Bloom Filter does not allow the deletion of any element. Why is that? Assuming the above 20, 25, and 28 elements all exist in the BitArray, the positions after modulation are 4, 9; 1, 9, 14; and 14, 19. If we want to delete element 25, we need to set the positions 1, 9, 14 back to 0, which will affect the elements 20 and 28.

Therefore, Bloom Filter does not allow the deletion of any element. This will cause deleted elements to still return “possibly exists”, which will also affect the accuracy of Bloom Filter’s judgment. The solution is to rebuild a new BitArray.

So what is cache breakdown? In high-concurrency situations, when multiple requests query the same key at the same time, if the key becomes invalid due to some reasons (expiration time has been set, or cache service is down), all these requests will go to query the database. This situation often occurs in scenarios where hot data is queried. Usually, we use exclusion locks to query the database in an orderly manner to reduce the concurrent pressure on the database.

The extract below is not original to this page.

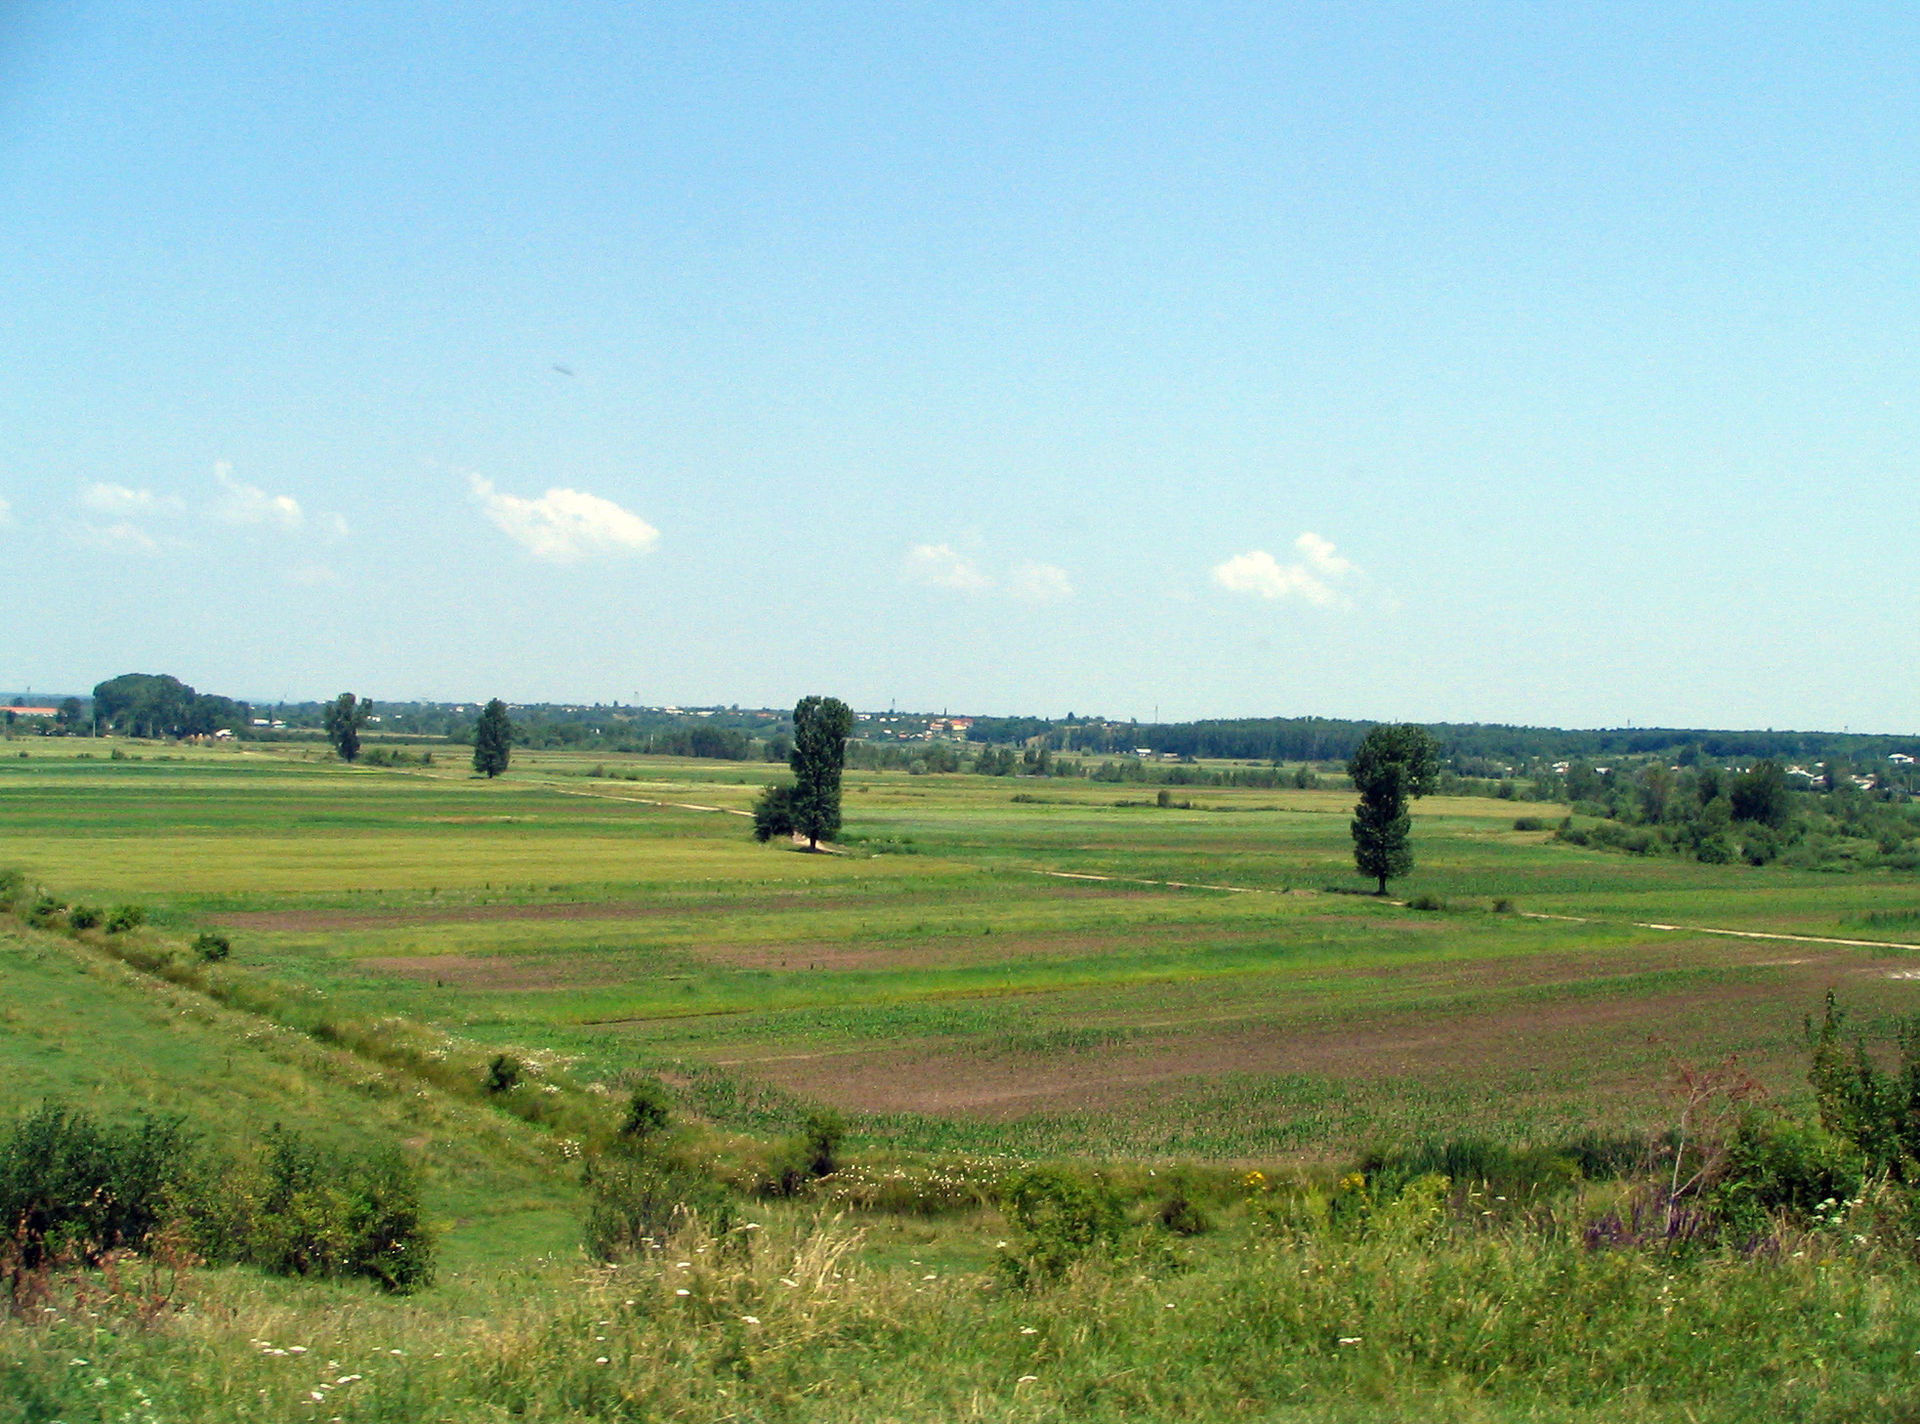 https://upload.wikimedia.org/wikipedia/commons/thumb/e/e2/Arge%C5%9F_County_Romania_bgiu.jpg/1920px-Arge%C5%9F_County_Romania_bgiu.jpg?1563199510565

Cache avalanche is similar to cache breakdown, but the difference lies in the scale of invalid caches. Avalanche generally refers to a large-scale cache invalidation, for example, when the expiration time of caches expires at the same time or when the cache service goes down. For the problem of a large number of caches expiring at the same time, we can use dispersed expiration time to solve it. As for the case of cache service downtime, we can use distributed clusters to implement cache service.

Summary #

From front-end to back-end, we can cache some infrequently changing data to improve query efficiency and reduce the pressure on the back-end. For the front-end, some static resource files are cached in the browser. In addition to static resource files, we can also cache some constant data, such as product information.

Server-side caching includes using JVM heap memory as a cache and implementing distributed caching with Redis. If the data is not frequently modified, the data volume is small, and there is no strict consistency requirement for the cached data, we can use heap memory to cache the data, which is simple to implement and efficient for querying. If the data volume is relatively large, it is frequently modified, or there is a strict consistency requirement for the cached data, we can use distributed caching to store the data.

When using back-end caching, we should pay attention to the inconsistency between the database and the cached data caused by data modification. If there is a very strict consistency requirement for the cached and database data, I do not recommend using caching.

At the same time, we should take precautions for interfaces with a large number of cached requests to prevent problems such as cache penetration, cache breakdown, and cache avalanche.

Thought Question #

In a distributed cache implemented based on Redis, why do we recommend deleting the data in the cache directly when updating it, instead of updating the data in the cache?